Our various masks are fear based responses to experiences in our lives which we have interpreted as threatening either to our physical or emotional safety. For example someone who fears rejection (maybe as a result of having been rejected by parents, or siblings) will seek the acceptance of others and will inevitably seek to please other people through wearing the masks of passivity and victimhood. These masks create an illusory sense of protection through encouraging acceptance by others as they allow what others say, do and want to be of primary importance regardless of the personal impacts this has on the pleaser. The pleaser thinks that they can avoid conflict and the isolation that brings through lying on the sacrificial alter of martyrdom. This seldom works for long as others become more and more demanding sensing that they can take advantage of the pleaser. Eventually the pleaser ends up pleasing no one including more importantly themselves.

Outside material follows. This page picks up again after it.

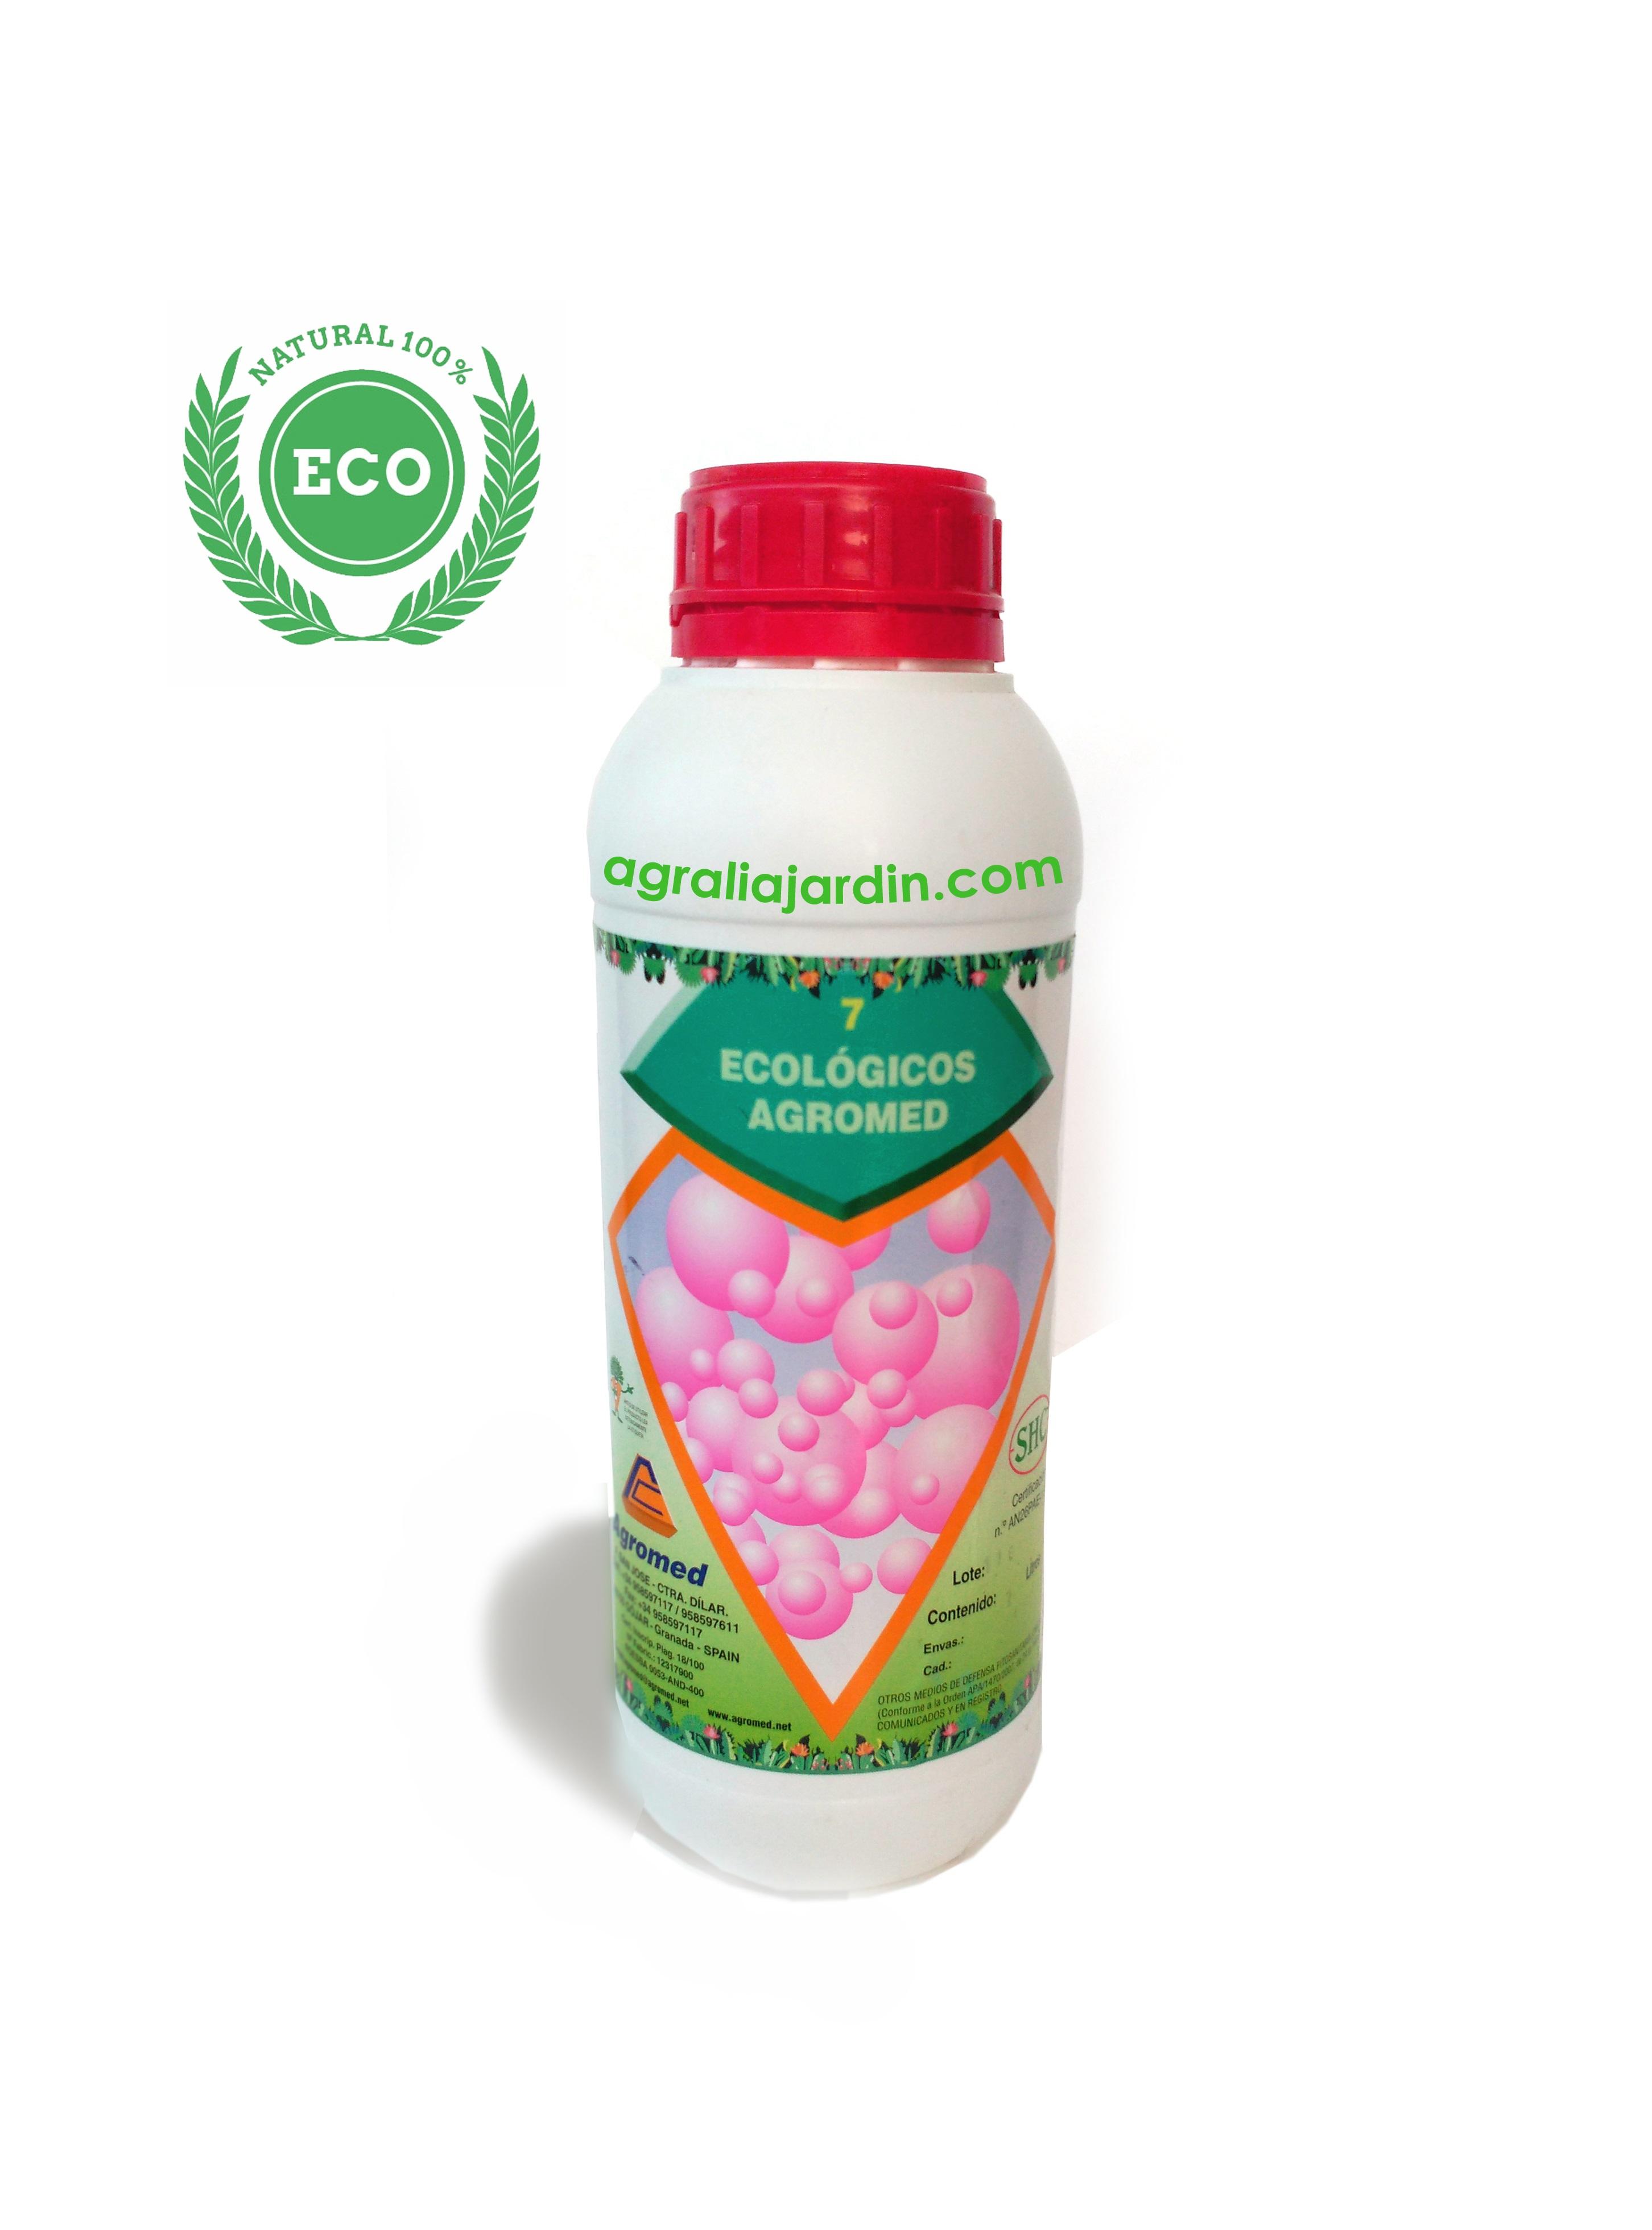 jabon potasico ecologico agromed

Fear and insecurity find safe harbours behind our attempts to mask who we truly are. When we allow these masks to become more than just masks or tools we use from time to time and we start identifying with the character traits that underpin them that is when we start to loose our authentic selves. The resulting sense of  dislocation that this generates can be numbing and as we go about our lives we can experience an emptiness with our lives appearing to be devoid of any real meaning or purpose apart from mere survival.

The wearing of masks as portrayed in movies is symbolic and to the point. The mask hides true identity and allows us to do things that we would not normally do for fear of recognition. However, there comes a point when the mask wearer can no longer disentangle him or herself from the character represented by the mask. A psychic shift occurs that finds the mask wearer literally consumed by an alter ego.

In short we become lost to ourselves and others when we hide behind any form of false construct regardless of whether such construct was originally well intended and served a purpose or not. Our lives become contracted and smaller as we hide our true light. This does not serve us or the world. We were born to shine our light as brightly as possible and in so doing enlighten the world and give others the permission to do the same.

We can overcome our masking tendencies by acknowledging the fears that hold our masks in place. When we do we can experience again that sense of  “joy de vivre” that we had as young children when the world seemed such an exciting and liberating place.